Нет. Я пылала. От злости.
И поэтому немедленно залепила Барсу пощечину, как только он ослабил хватку.
– Ты мне противен! – прокричала ему в лицо и пихнула в предплечья.
Однако Некрасов не сдвинулся ни на сантиметр. Стоял, мрачнее грозовой тучи, и потирал покрасневшую от удара скулу.
– Сколько еще раз я должна это повторить?! – меня затрясло от беспомощного гнева. – Думаешь, насильными поцелуями что то исправишь?! – снова ударила его кулаком по плечу. – Нет! Просто оставь меня в покое, Борис! Пожалуйста! Умоляю!
– Да я ж подохну без тебя! – взревел и стиснул мое лицо в больших ладонях.
Приблизил к себе так близко, стало нечем дышать. Выжег отчаявшимся взглядом дыру в душу, громко и тяжело вдыхая.
– Я… так напуган, – внезапно его голос надломился, – тем, что чувствую к тебе, Ася. Это жрет меня изнутри, – шипел сквозь стиснутые зубы, исказив лицо в гримасе, словно мучился от адской боли. – Я был бы счастлив вырезать эту любовь к тебе к хренам собачьим! Но не могу. Не получается.

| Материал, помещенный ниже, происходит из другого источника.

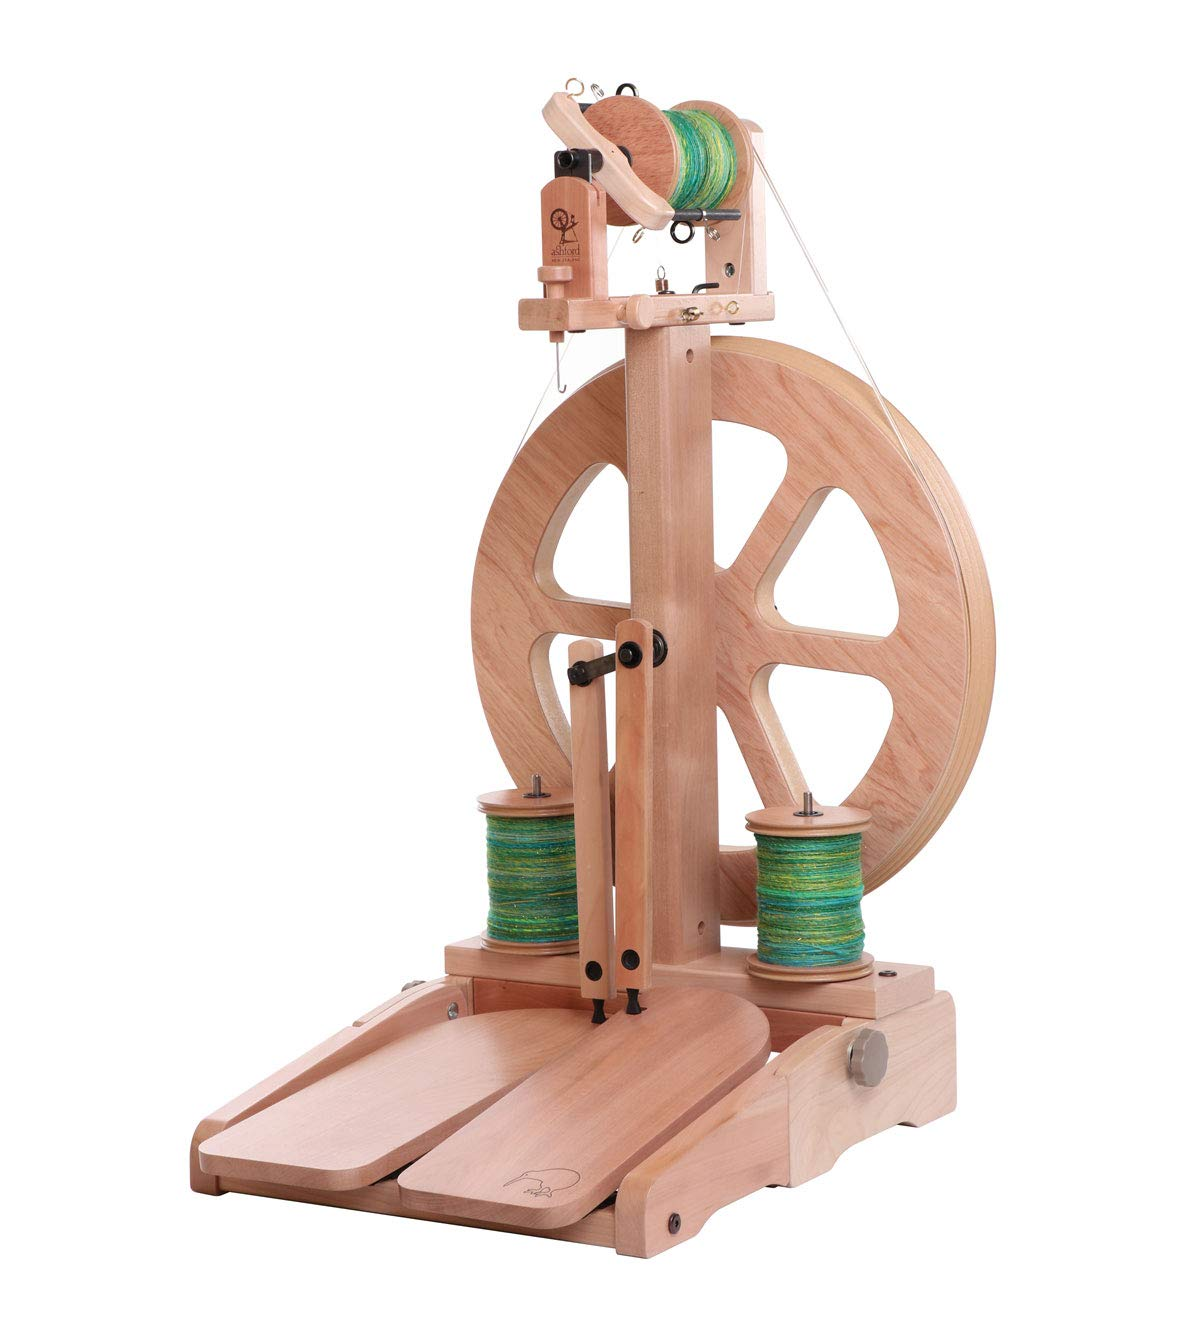 Ashford Kiwi Spinning Wheel 3 Unfinished Ashford Handicrafts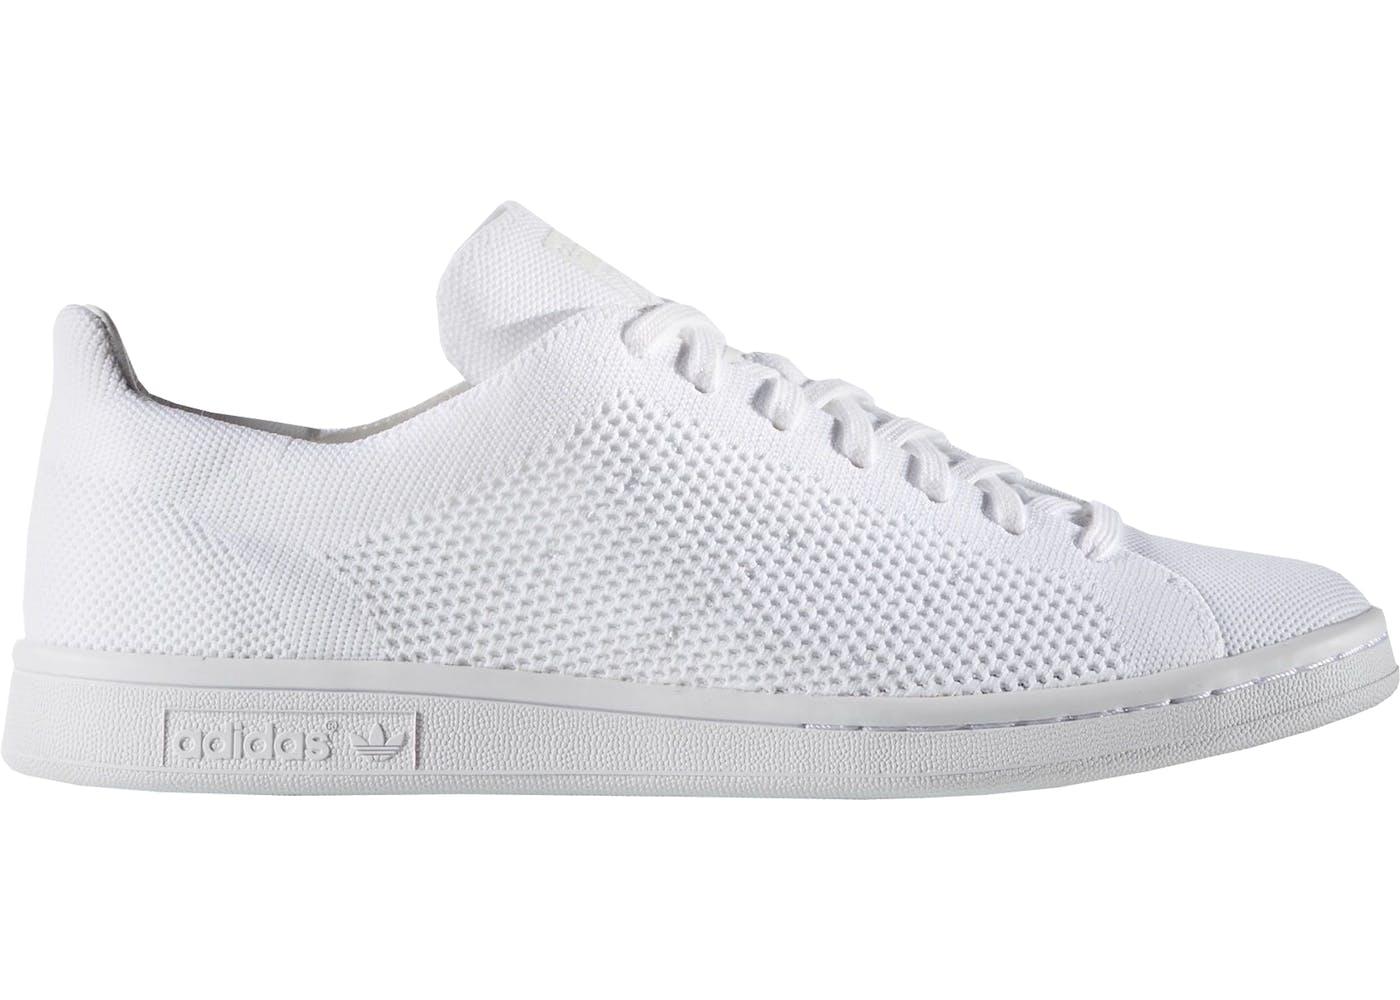 adidas stan smith primeknit triple white. Black Bedroom Furniture Sets. Home Design Ideas

– Это не любовь, – я заплакала, затрясла головой, отрицая его слова. – Ты… выдумал ее. Ты не любишь меня.
– Ася…
– Ты путаешь любовь с жаждой заполучить меня, – скинула его руки со своего лица. – И места себе не находишь, потому что я не поддаюсь, что бы ты ни предпринял.
– Ася, – с нажимом повторил мое имя, играя желваками.
Я смахнула влагу со щек и устремила на Барса непримиримый взор.
– Прекрати уже. Ты ничего таким поведением не добьешься.
– Тогда скажи, что мне делать?! – с остервенелостью вскинул руками, шагнув назад.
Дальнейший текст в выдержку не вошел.